The God Insurance Policy
She prayed not out of devotion, but out of terror. What if she was wrong?
A Kolkata school teacher raised on rigid church rituals.

She prayed not out of devotion, but out of terror. What if she was wrong?
Fear Masquerading as Faith
From childhood, God was introduced to her less as love and more as surveillance.
He was the unseen eye that watched her thoughts, the judge tallying her mistakes, the force that could punish her in this life or the next if she strayed too far.
So she prayed—not because she always wanted to, but because she was afraid not to.
The Checklist Spirituality
Her relationship with God became a checklist:
- Morning prayer? Done.
- Sunday service? Attended.
- Fasting day? Observed.
Each ritual felt less like connection and more like paying premiums on an invisible insurance policy.
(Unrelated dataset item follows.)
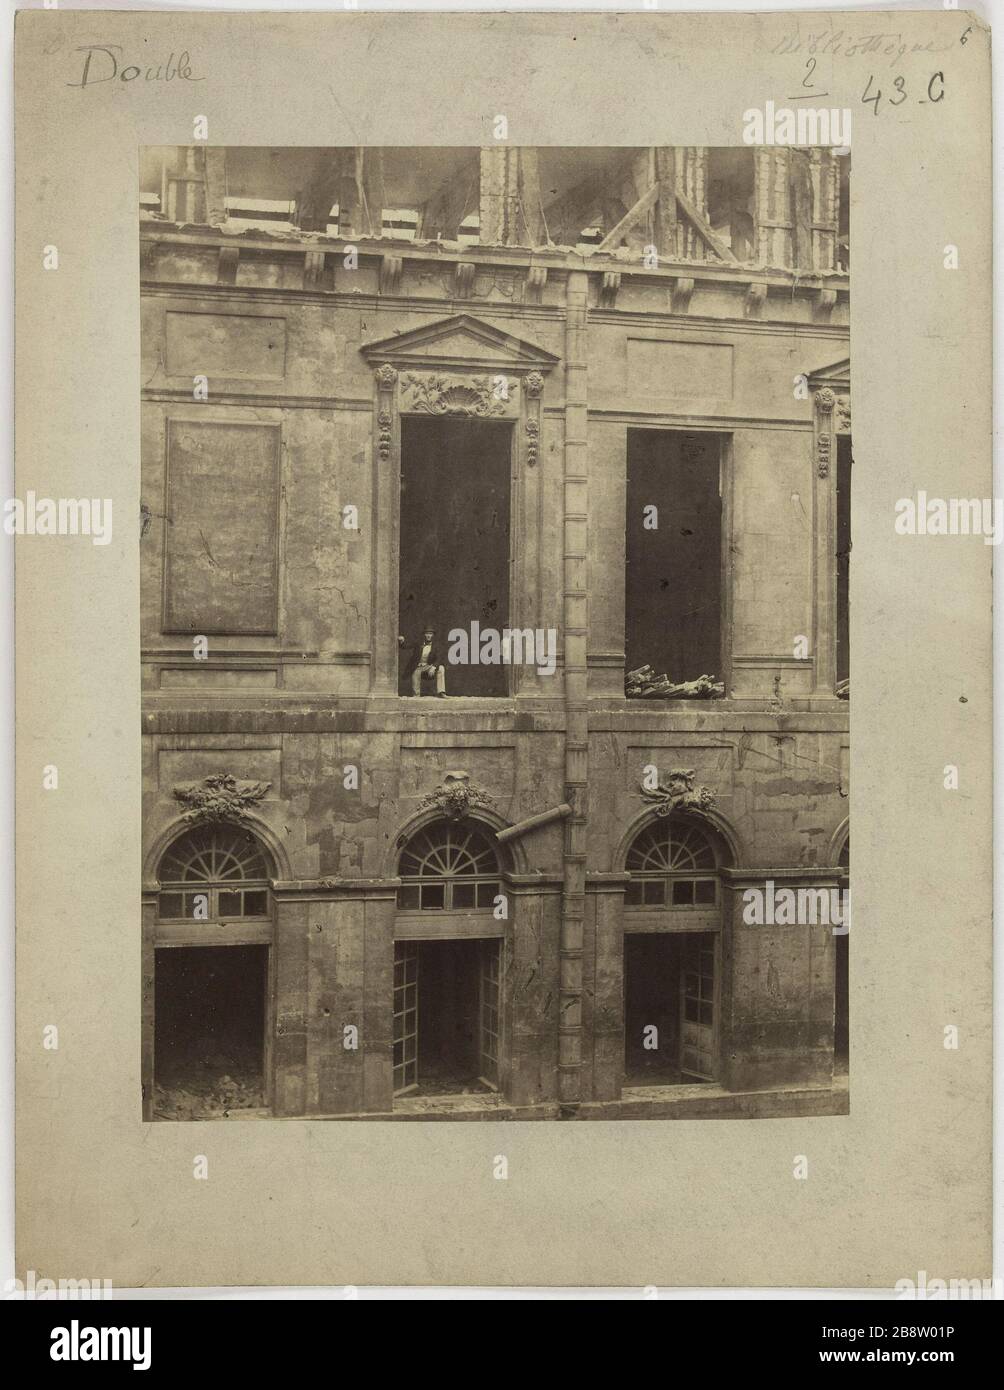 Library. View of a building in ruins, national library [?] Bibliothèque nationale en ruine, Paris (IIème arr.). Photographie anonyme. Paris, musée Carnavalet. Stock Photo

If something went wrong, at least she could say she had "done her part."
The Half-Hearted Believer
She envied people who spoke about feeling close to God, who cried during worship, who described faith as intimacy.
For her, faith felt like performance. She knew the right words, the right songs, the right expressions. Inside, she was full of doubt—and terrified of that doubt.
What if questioning meant inviting disaster? What if her scepticism angered a God who demanded total belief?
The Patriarch Behind the Pulpit
The more sermons she heard, the more she noticed a pattern: God always seemed to agree with the men in charge.
Women were told to submit, to obey, to sacrifice. Doubt was rebellion. Independence was pride. Boundaries were selfishness.
Somewhere along the way, she realised she wasn’t just afraid of God. She was afraid of the men who claimed to speak for Him.
Slowly Untangling
She hasn’t stopped praying completely. But her prayers sound different now.
Sometimes they are addressed to a God who feels more like love than law. Sometimes they are just honest conversations with herself. Sometimes they are silence.
She is slowly letting go of the idea that faith has to be all or nothing, that doubt cancels out belief, that fear is the same thing as reverence.
What She Believes—for Now
Right now, she believes this:
Any God who is only sustained by her fear is too small for the life she is trying to build. If faith is to stay in her life, it has to make her more free, not more afraid.